Legal action against the Government on flooding issues is the next option for villagers of Bamboo Number 2.
It comes hours after a confrontation between the villagers and Minister of Works and Transport Rohan Sinanan and Minister of Rural Development Faris Al-Rawi on Tuesday..
The affected residents said they have been facing flooding issues for the last five days, with water levels recorded in some areas as high as 12 feet.
They have retained attorney Richard Jagessar to pursue the Government for compensation and losses.
“I would like to point out for the benefit of the villagers that this is not the time to cast blame. That is not why we are here. We are here to fix the problem. As you can see, this is a serious problem. There are people beyond this point. This new river that has developed there are people beyond here that cannot access medication, food, drinking water, and so on,” attorney Richard Jagessar said.
He added, “Those villagers that we cannot see and hear from they are pensioners, they are the elderly, they are pregnant, they are the children that cannot go to school. Those are the people that I wish to represent. Those are the people that have a claim against the minister. The minister has a claim against the man who allegedly encroached on the embankment which is his prerogative. He has a deal with his engineers, and his supervisors about why that went on for two years if at all it went on, but these villagers are hungry, starving for five days.
Jagessar added, “The villagers would like the minister and his team of engineers, the Ministry of Local Government, PURE, and so on. We call for a meeting with them a face-to-face meeting with them and let us show you where the problem is.”
Despite the threat of legal action it still did not change the villagers’ situation as many are still seeing almost five feet of water in their homes and boats are the mode of transportation for supplies for who cannot leave.
Community activist and businessman Inshan Ishmael told Guardian Media, “The minister promised yesterday has not been delivered. Residents have now put their lives at risk to go and open up one of the gates and dive underwater with no equipment in sewage water. So we are doing what the ministry should have done.”

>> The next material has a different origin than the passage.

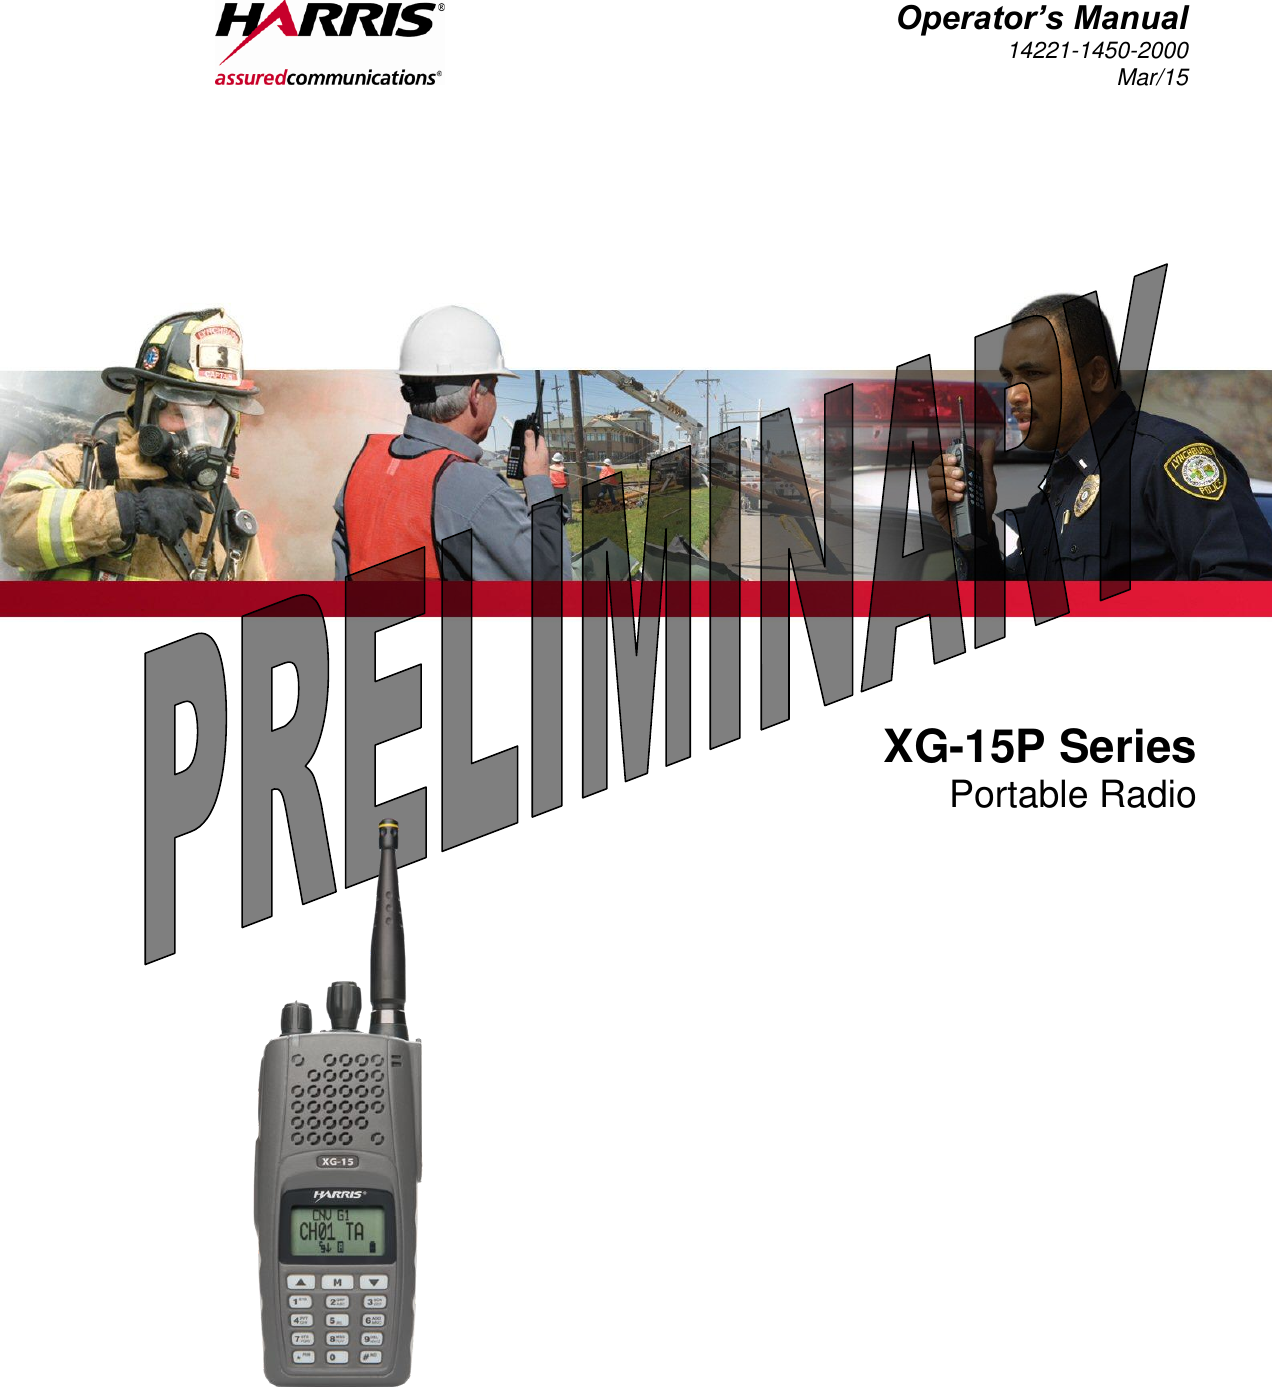  Operator’s Manual 14221-1450-2000 Mar/15     XG-15P Series Portable Radio  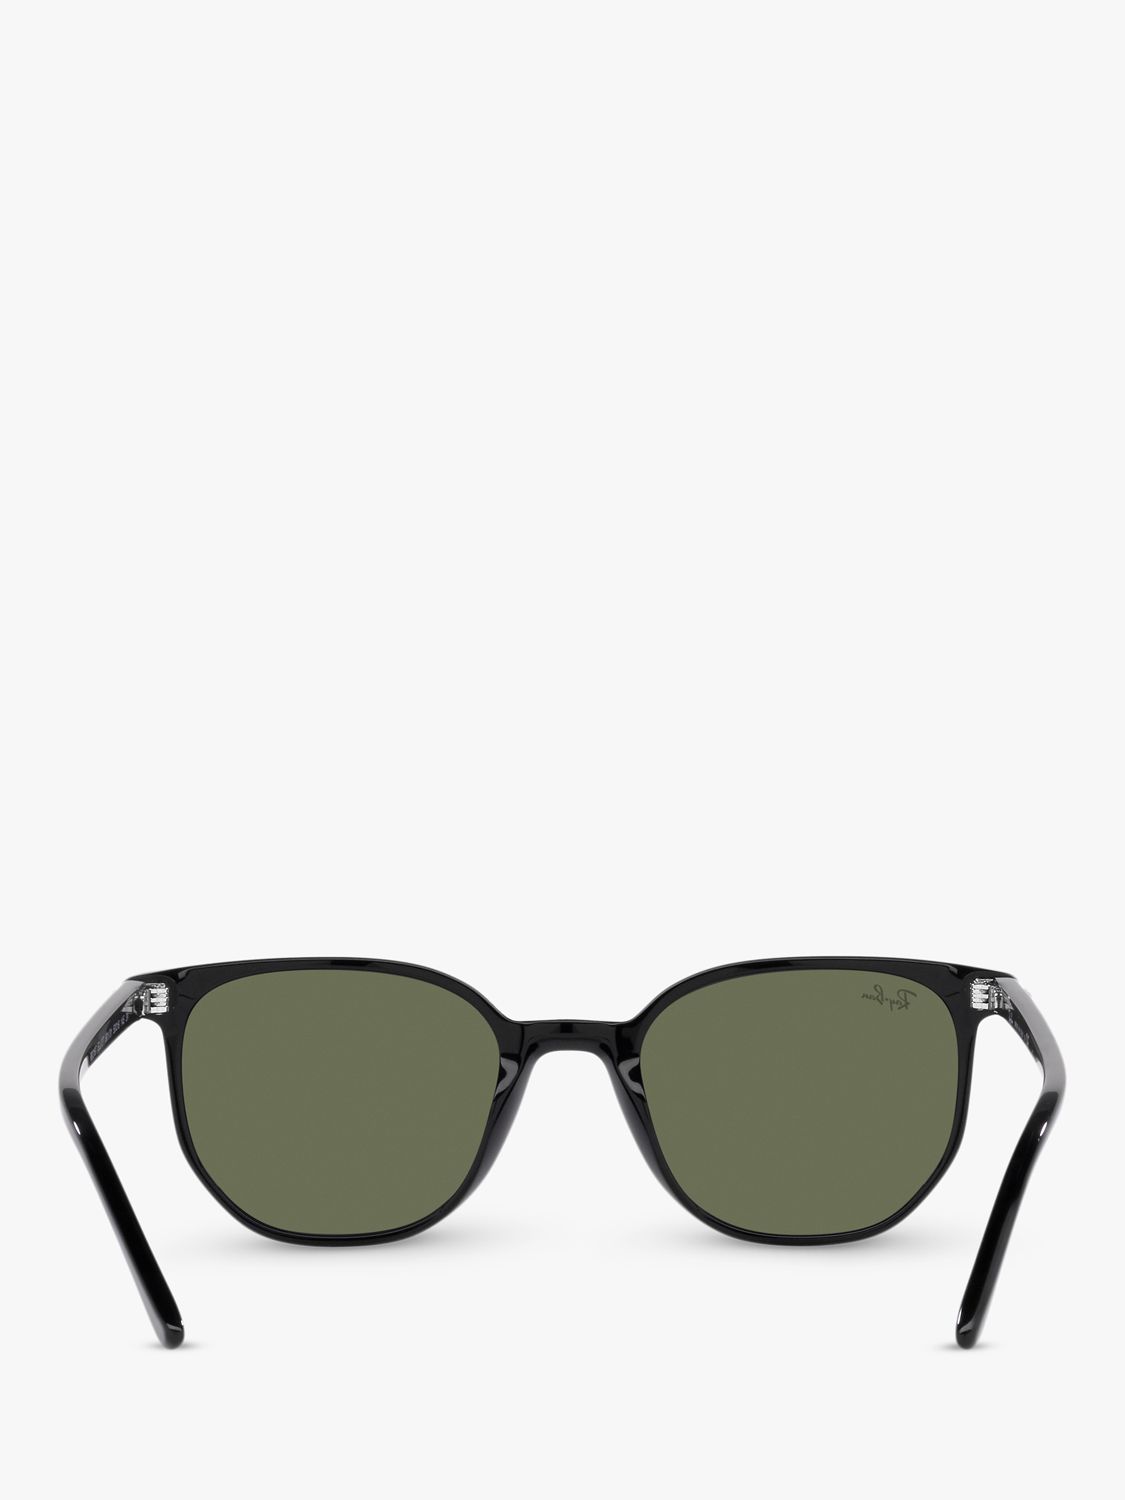 Buy Ray-Ban RB2197 Unisex Elliot Sunglasses, Black/Green Online at johnlewis.com

The villagers were successful to open the sluice gates.
Ishmael said, “ I stand proud here today that I run him out of Bamboo and I’ll run him out again, so here’s what, we had enough and this is the way we are going now, legal, whether they like it or not because, at the end of the day, these residents can’t have a repeat of this.”
Despite the challenges facing the villagers, general manager of the Trinidad and Tobago Electricity Commission (T&TEC) Kelvin Ramsook was on hand in Bamboo Number 2 to attempt to restore power.
“What we did, which was very important we drove the circuit on either side and notify the customers who were there to make sure the switch of the breakers on the downstairs section of their house because once we restore service, we want to make sure that people are safe in the building”, Ramsook said.